Netronome has implemented a large number of cores on its network flow processor (NFP), which drives the Agilio platform. Each RISC core on the NFP is 8-way threaded and is supported with a networking-optimized instruction set. The NFP cores are smaller in size, power, and cost, which allow an Agilio CX SmartNIC to support 48 cores (384 threads) while consuming less than 25W. This means that 384 packets can be processed in parallel, compared to only 24 packets in parallel on a 12-core dual threaded general-purpose processor. The parallelism allows for application execution to continue while networking data structures are being accessed. When memory I/O operations are in process, the NFP core can efficiently swap threads and continue execution without cycle time being spent (or wasted) throughout the memory I/O access time. This means the NFP cores are continuously operating on packets without down time, where as a general-purpose processor with a low thread count is often left waiting (a.k.a. stalling) each time memory is accessed. This is a very important architectural characteristic that contributes to Netronome’s leadership in high-performance server networking.

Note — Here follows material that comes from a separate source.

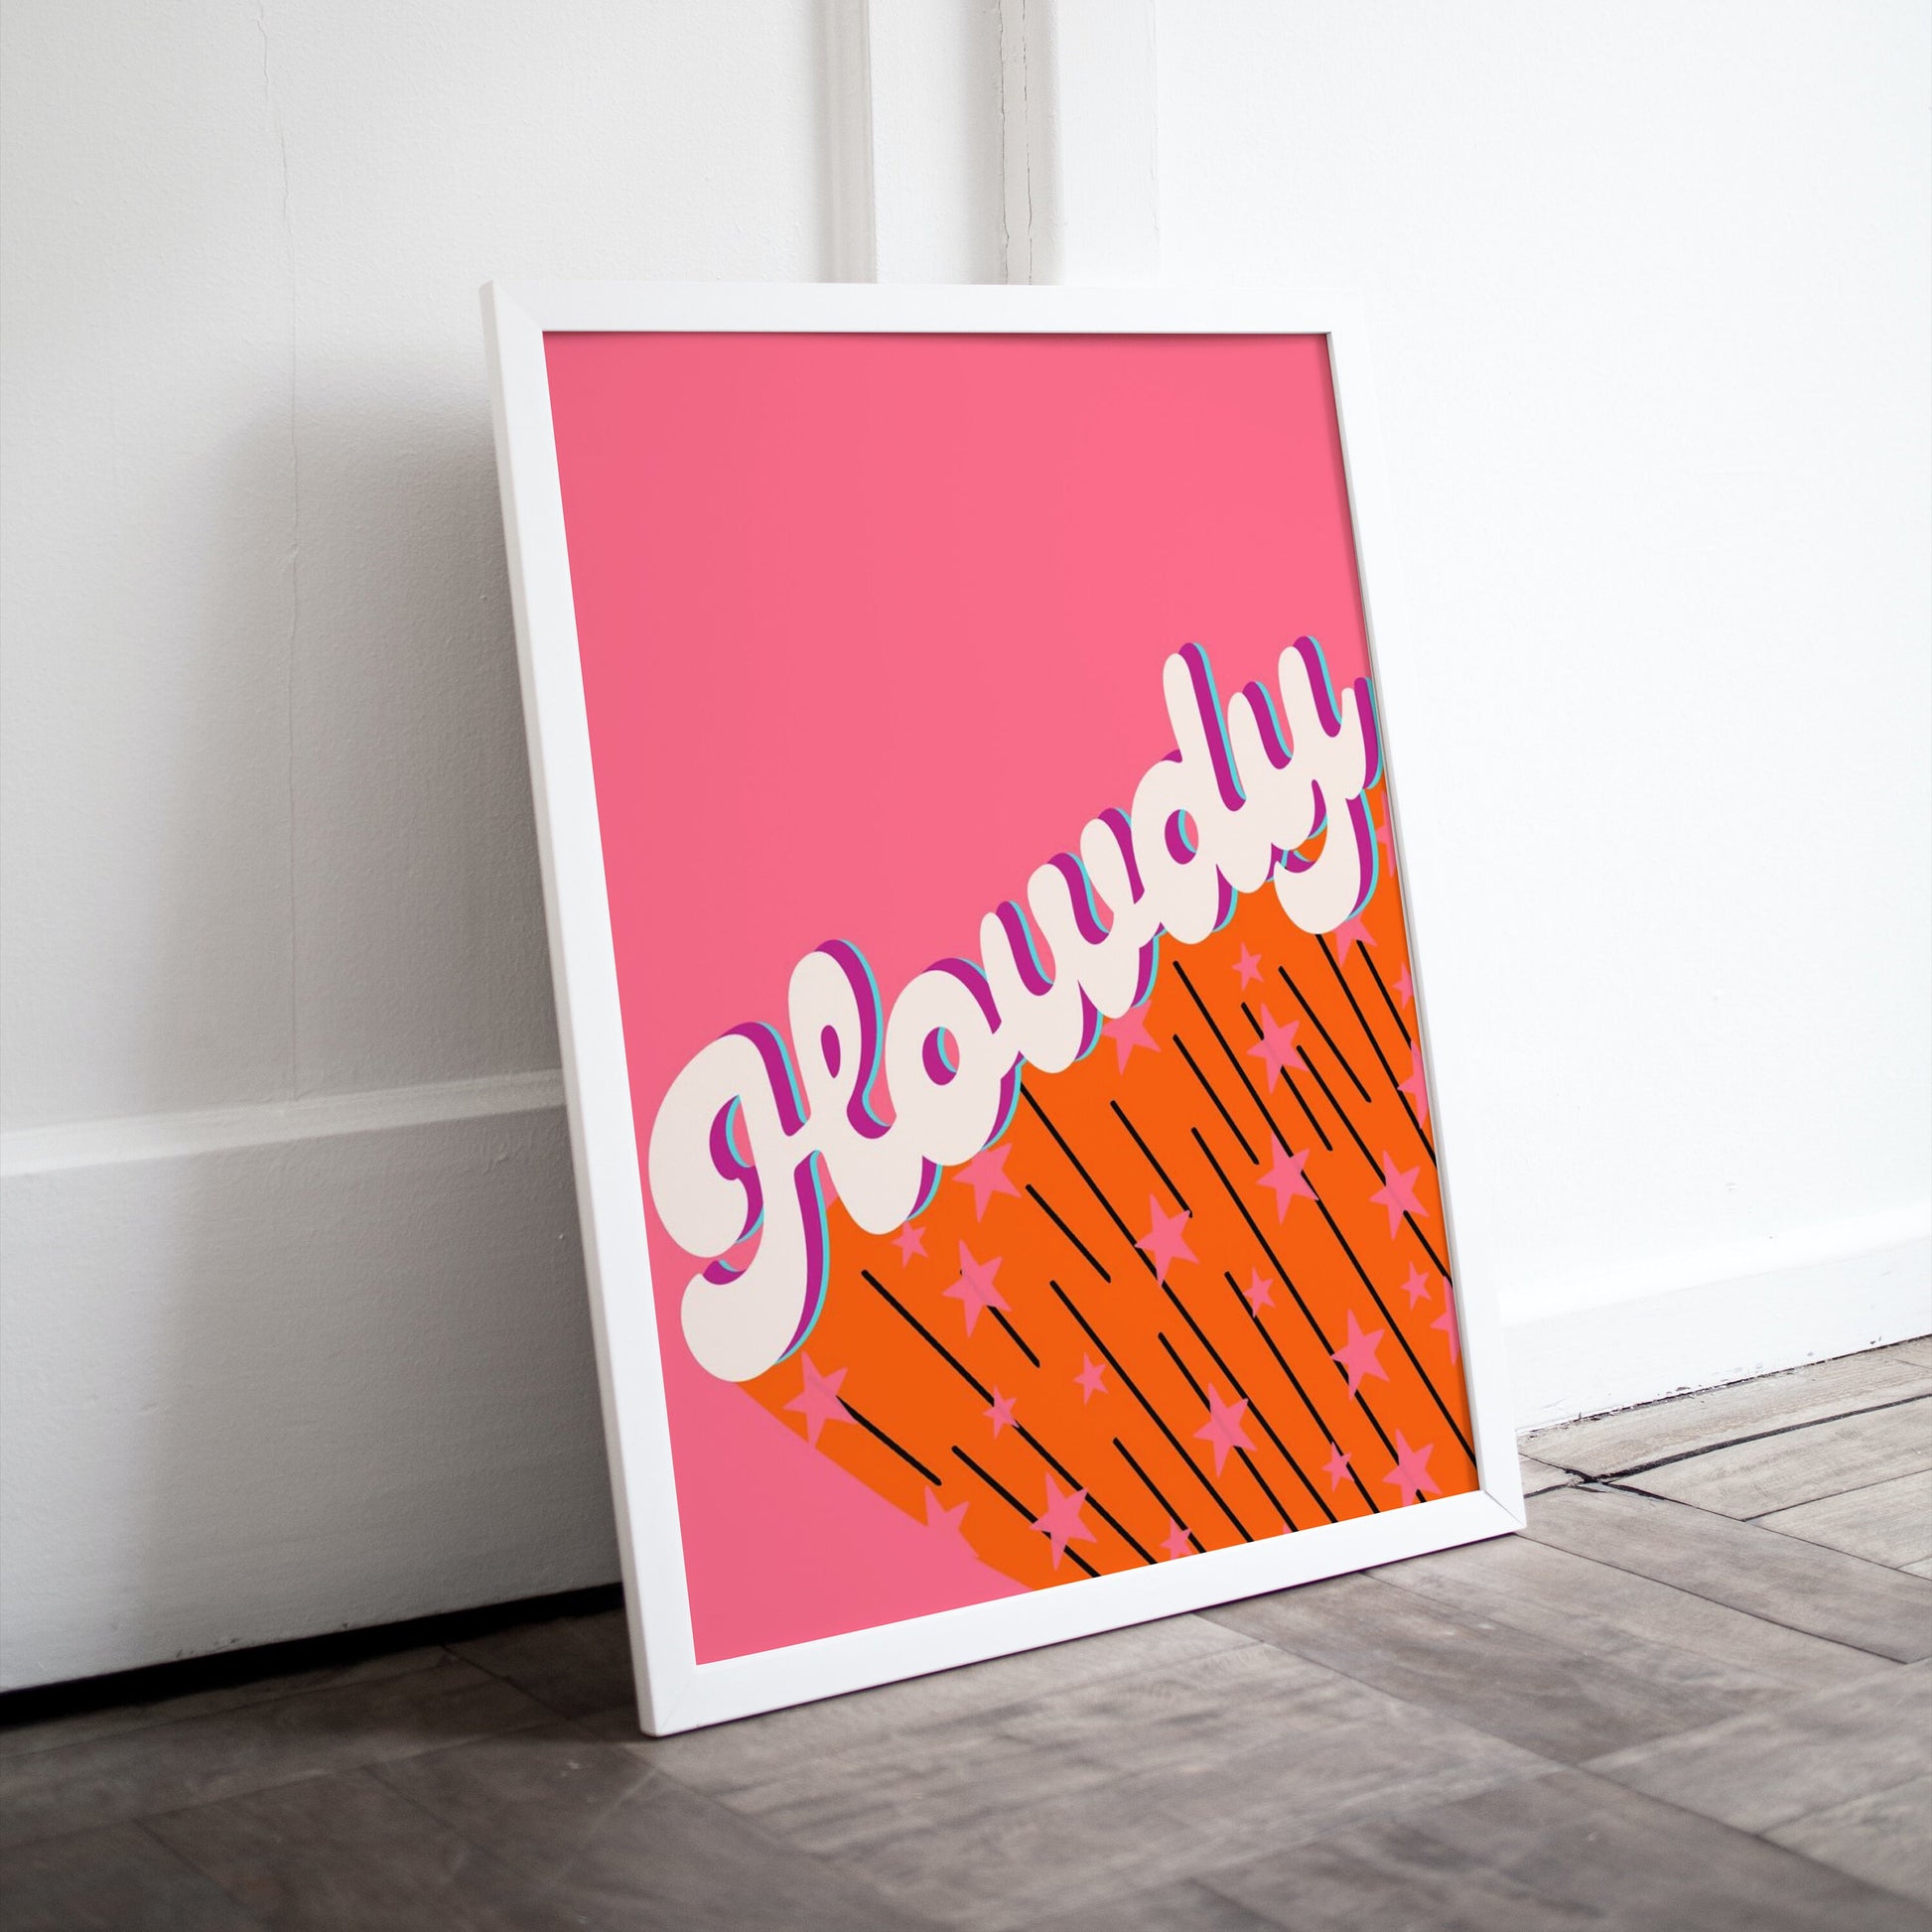 Pink Howdy Poster INSTANT DOWNLOAD, Preppy Wall Art, Preppy decor, Trendy Digital Prints, Academia aesthetic, Preppy Room, Room decor

Many papers and articles have been written on the relationship between parallelism and networking. While this blog entry does not go into extreme detail on processor implementation and architecture, it aims to explain at a high level why Agilio SmartNICs show such high performance for networking applications like Open vSwitch (OVS) and Contrail vRouter compared to identical implementations on general-purpose compute platforms.

Robert Truesdell